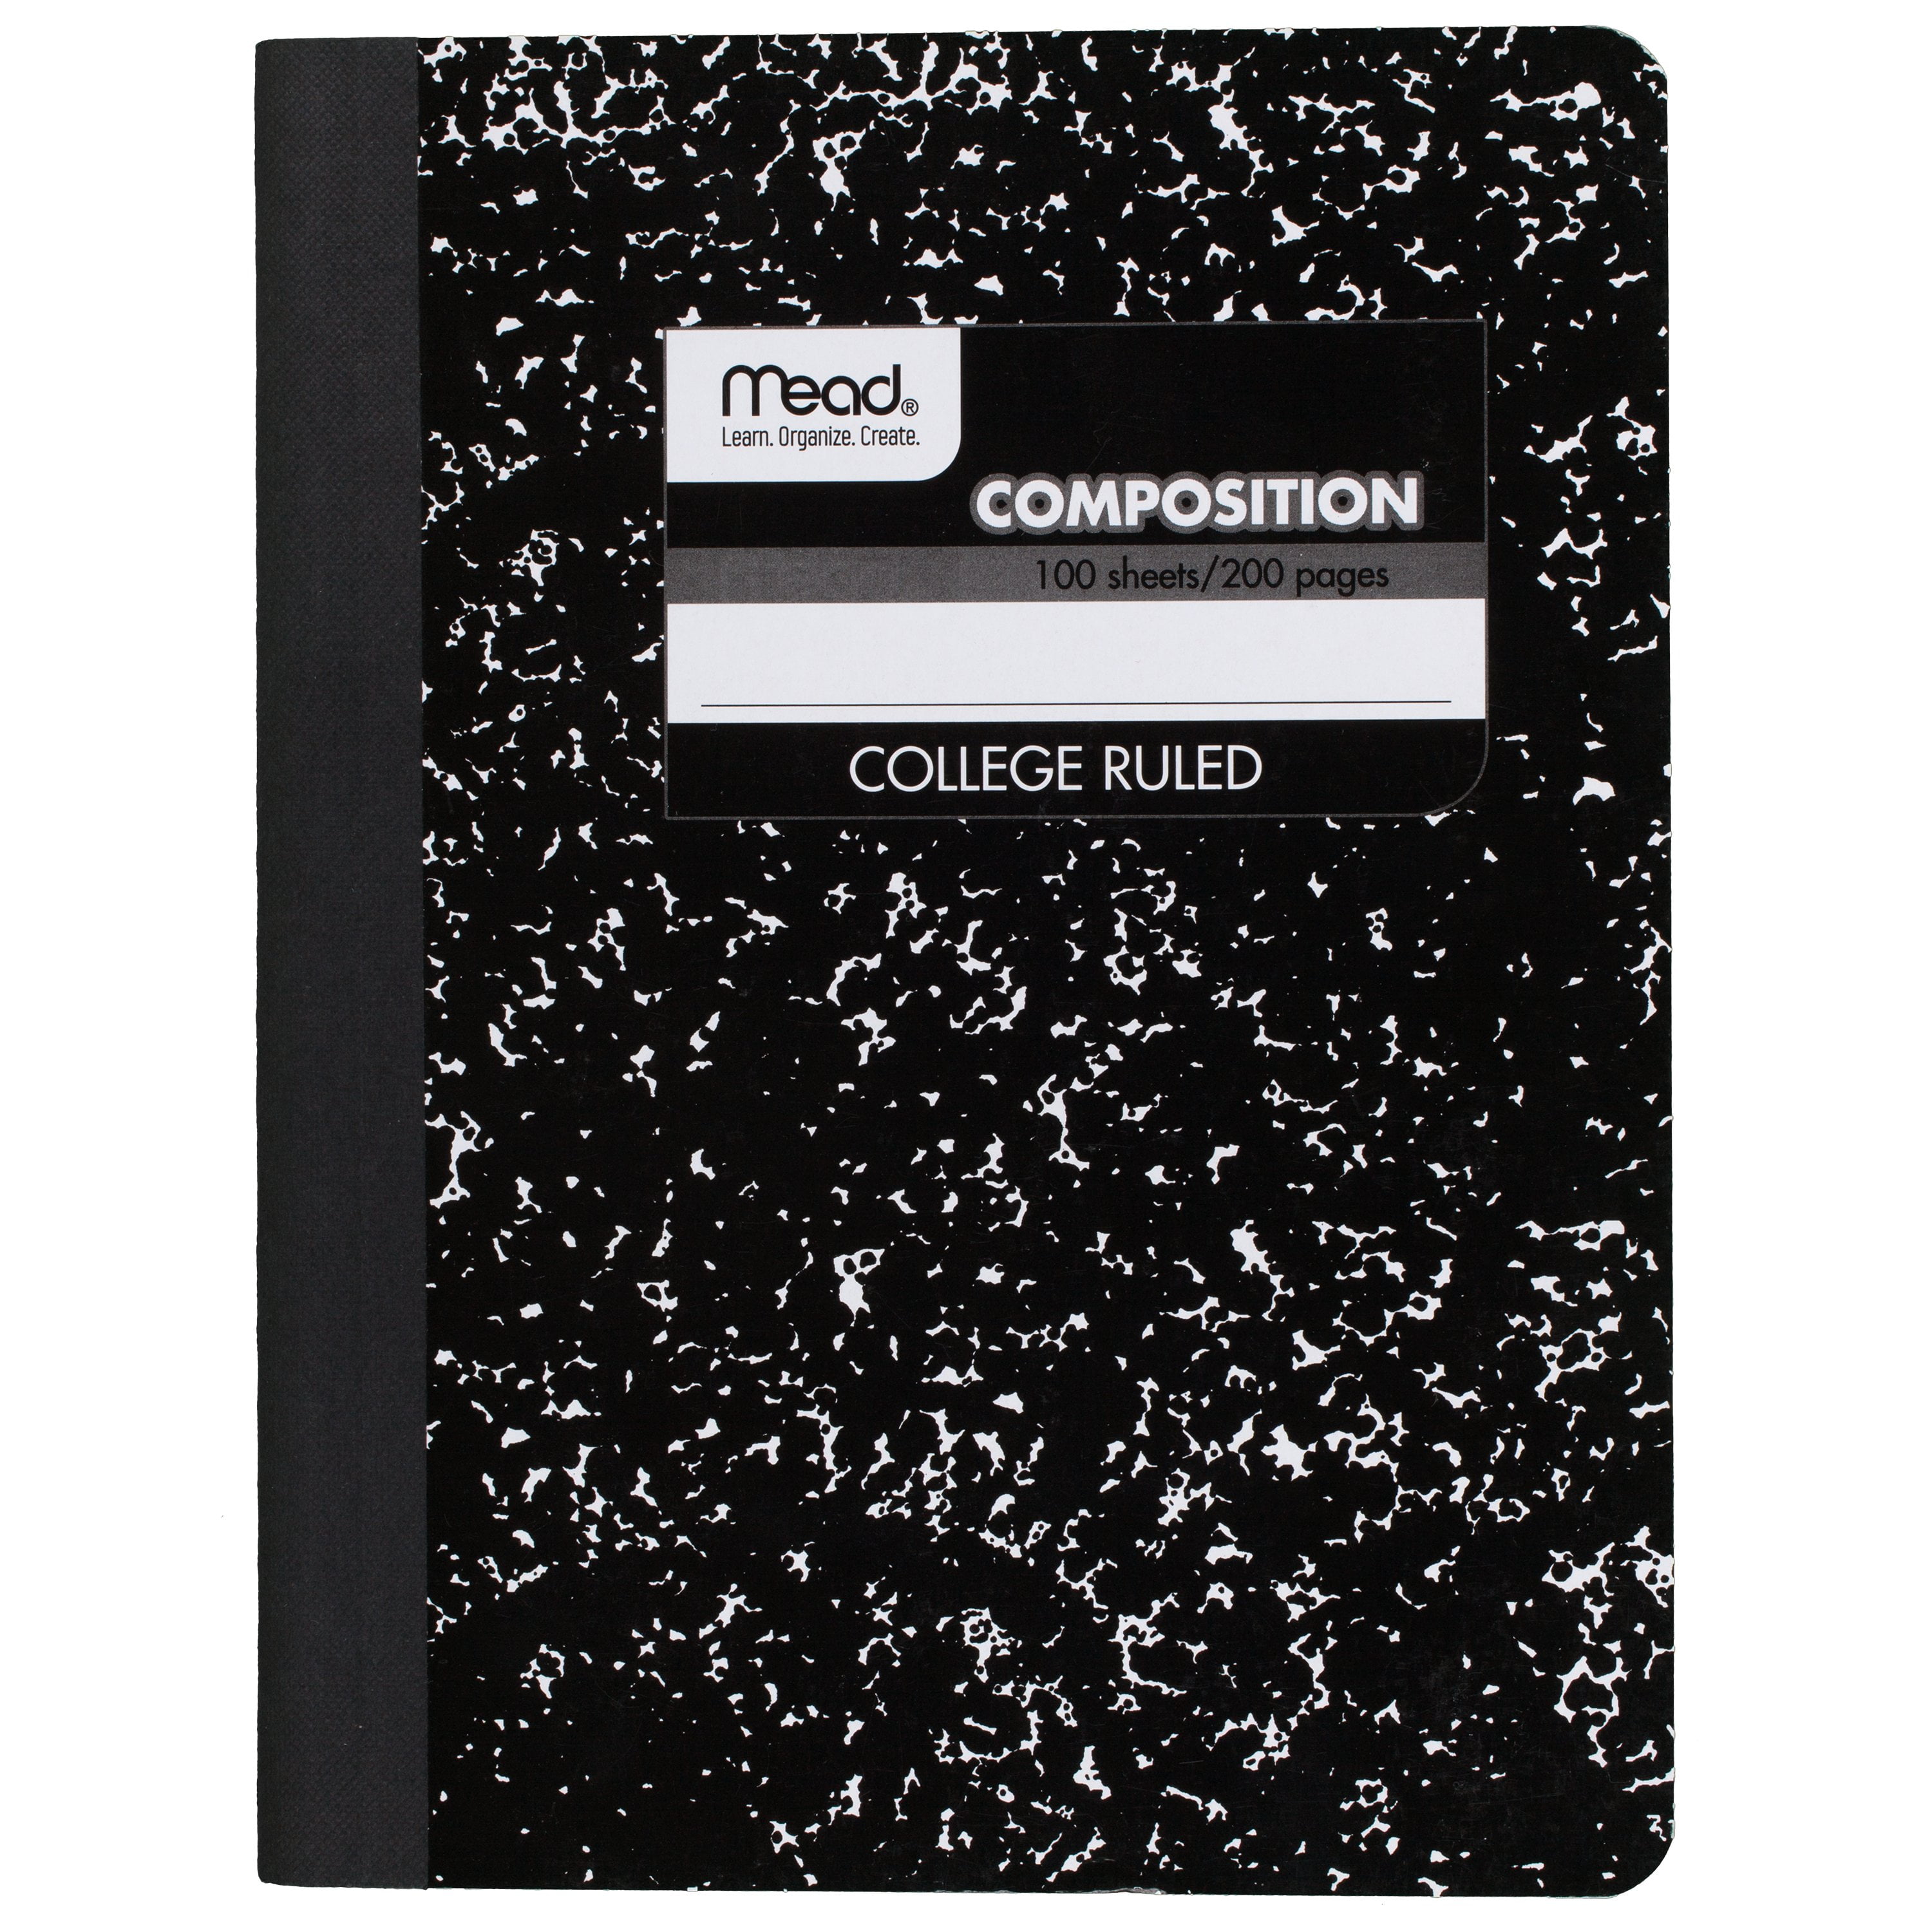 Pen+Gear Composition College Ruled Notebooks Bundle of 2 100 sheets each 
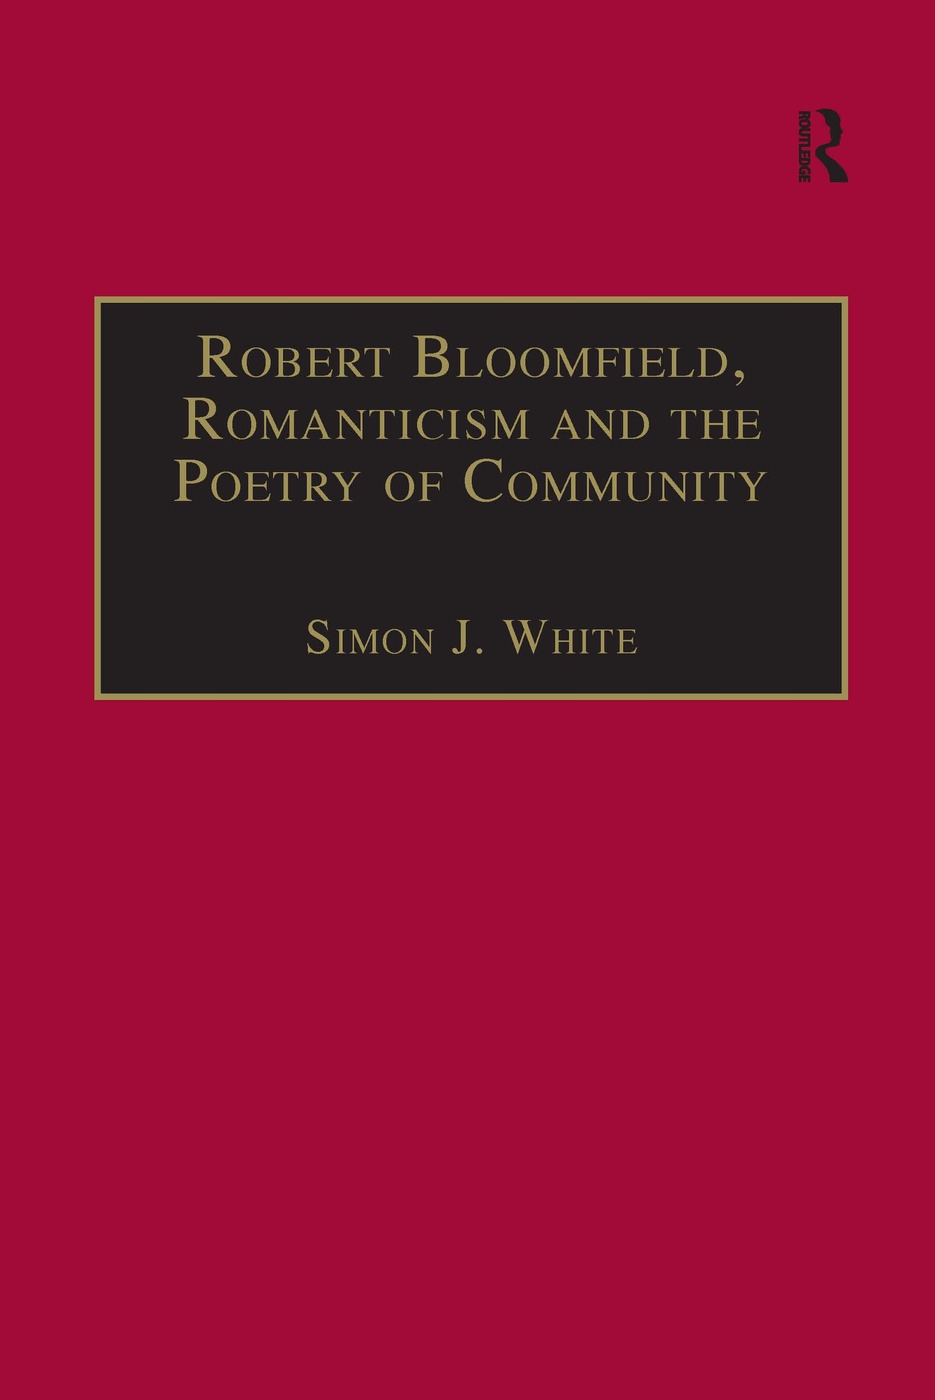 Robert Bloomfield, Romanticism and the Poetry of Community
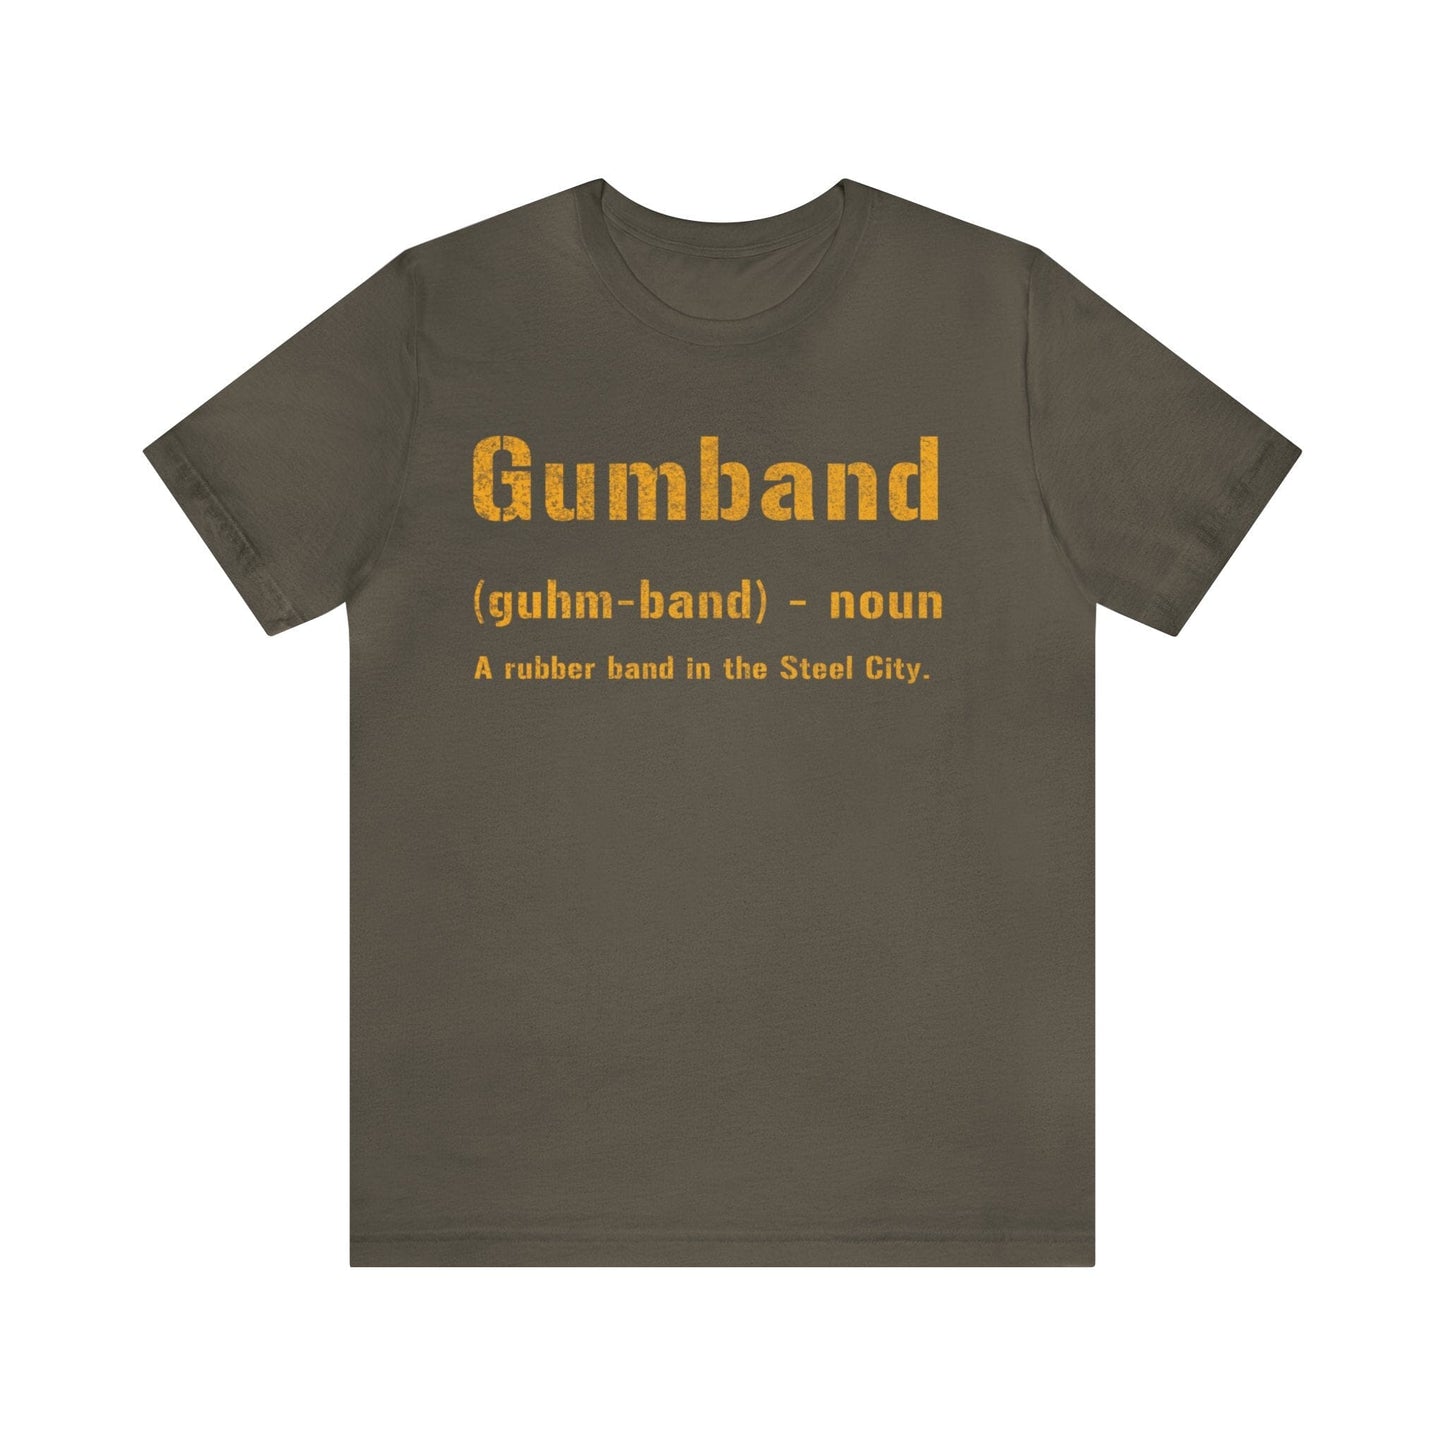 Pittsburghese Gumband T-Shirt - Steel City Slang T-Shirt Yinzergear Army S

Work request: Without the pictures, output the full listing exactly as it stands.

Answer space:
 Pen+Gear Composition College Ruled Notebooks Bundle of 2 100 sheets each 
 Robert Bloomfield, Romanticism and the Poetry of Community
 Pittsburghese Gumband T-Shirt - Steel City Slang T-Shirt Yinzergear Army S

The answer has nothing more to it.